OTHER STATES

Will make the force tech-savvy, says CP

Bijay Kumar Sharma, the new Commissioner of Police at his office in Bhubaneswar on Thursday. —

Bijay Kumar Sharma, the new Commissioner of Police at his office in Bhubaneswar on Thursday. —   | Photo Credit: Photo: Ashoke Chakrabarty

Satyasundar Barik

An action plan will be chalked out soon to mobilise resources



Police personnel will be trained in using computers

Stress on community policing



BHUBANESWAR: Senior cop Bijay Kumar Sharma, who took over as the new Commissioner of Police of twin city of Bhubaneswar-Cuttack, said his first priority would be to enhance efficiency of the existing force by making them technologically savvy.

Speaking to The Hindu here on Thursday, Mr. Sharma, who was the Inspector General of Police (Crime Branch), said the two cities Bhubaneswar and Cuttack were rapidly expanding in terms of area as well as population and the existing force was not adequate to handle the affairs.

“If I can be able to introduce technology in the force, their efficiency level will go up.
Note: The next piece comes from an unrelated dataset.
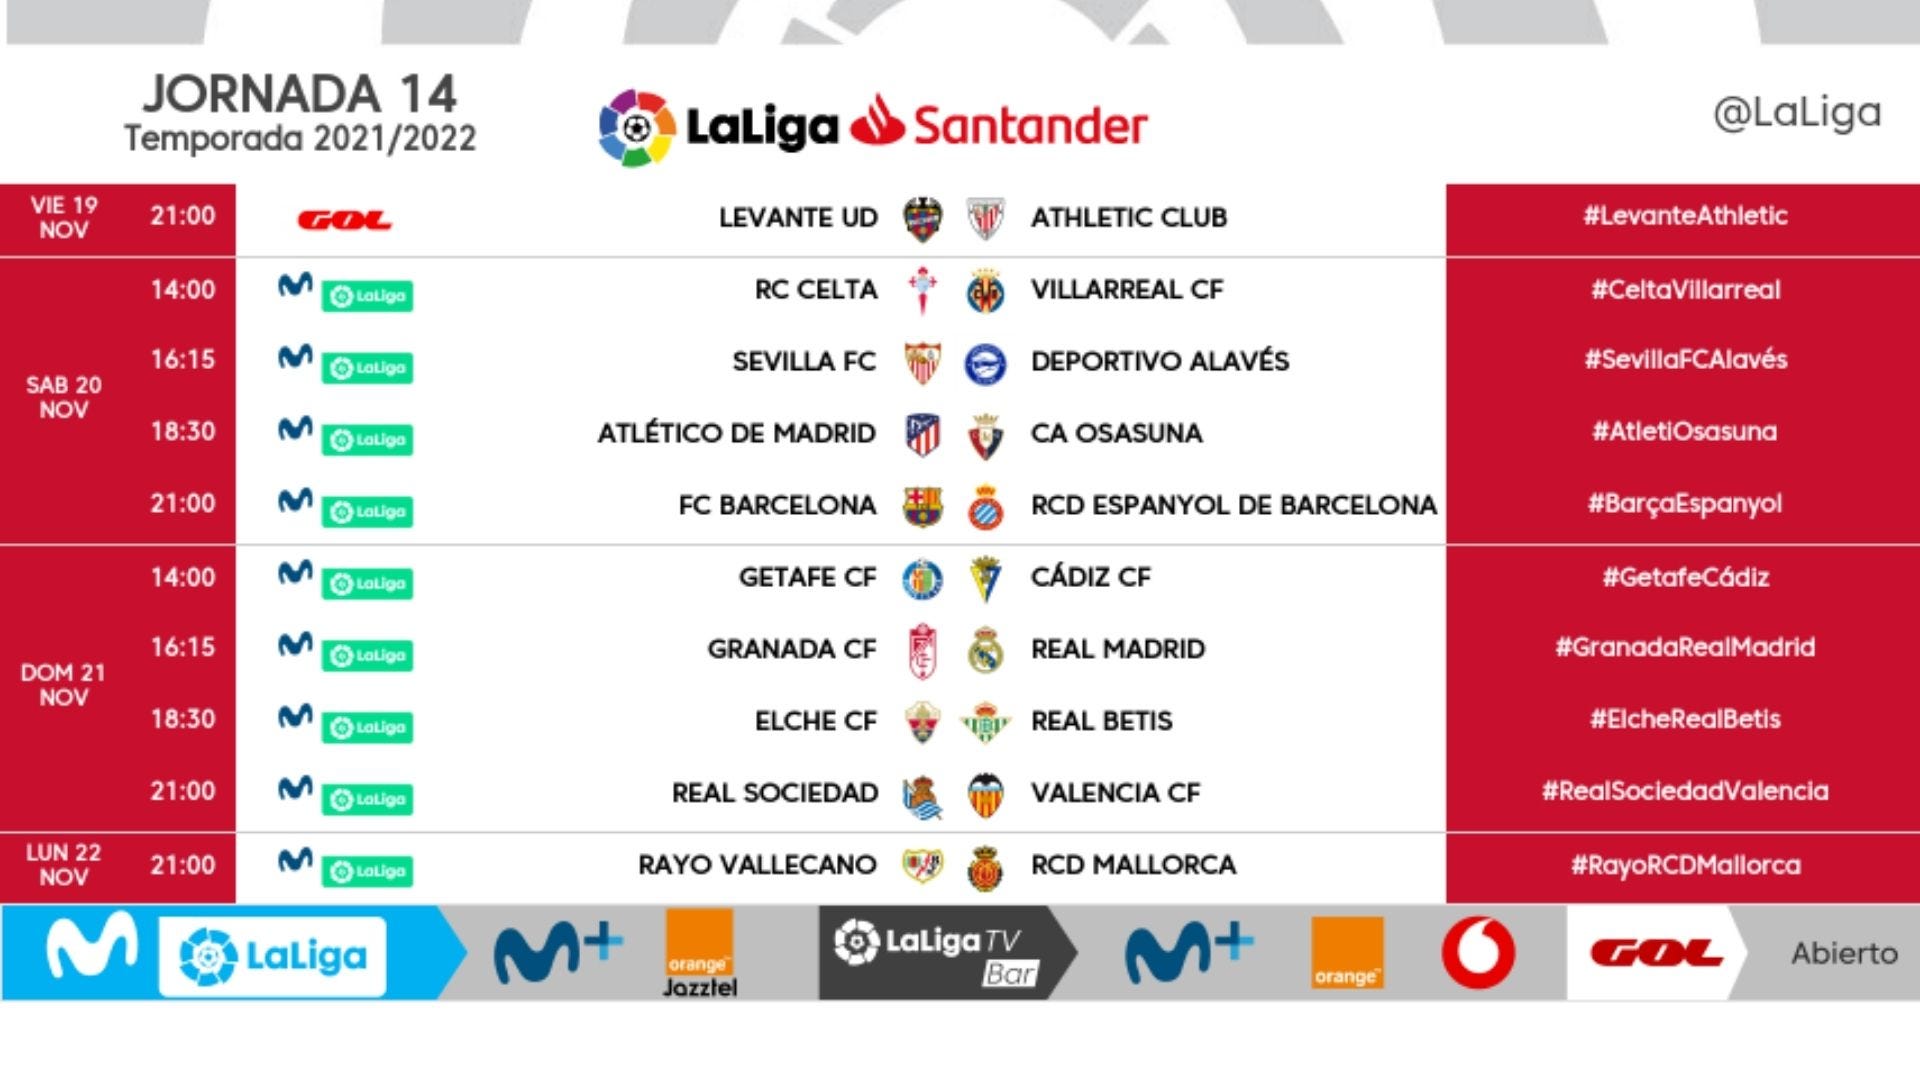 14 de Horarios, partidos, clasificación, televisión y resultados | Goal.com Espana

The police force, although low in strength, could effectively maintain law and order across the Commissionrate area,” he said.

The Commissioner of Police said the department would soon prepare an action plan to mobilise resources for making greater use of technology by police a reality.

Documentation

According to the sources, so far only two police stations in Bhubaneswar were having the Common Integrated Police Application (CIPA) system under which one can file his complaint and get the copy of FIR instantly.

Cooperation sought

The department is also documenting case records and profiles of anti-social elements under this project. A set of five computers has been provided to each of the police station but most of police officials are yet to be trained in computer applications. Similarly, although cyber crime is on the rife, these police stations are yet to be connected with the Internet.

Besides, Mr. Sharma emphasised on community policing. “The twin cities have huge mass of educated and conscious population.

They are resourceful and ready to co-operate police. Community policing has been successful in many countries. If we will involve people in our efforts to fight criminals, it will be a great success story,” he said.

In the first place, the Commissioner of Police is targeting residential welfare associations operating in both the cities to realise the community policing in the twin cities.

“I have already received a number of telephone calls from retired government officials and prominent citizens who have shown eagerness to help me in my efforts,” he said.

Mr. Sharma, the 1986-batch of Indian Police Services, had served as the superintendent of police in many districts including Khurda. He had a brief stint in the Central Bureau of Investigation. Mr. Sharma had also gone for higher studies and presented papers in various international fora.

During the last few years, as IG (crime branch) Mr. Sharma was instrumental in cracking down wildlife smuggling rackets in the State and was meticulous in carrying out tricky inquiries.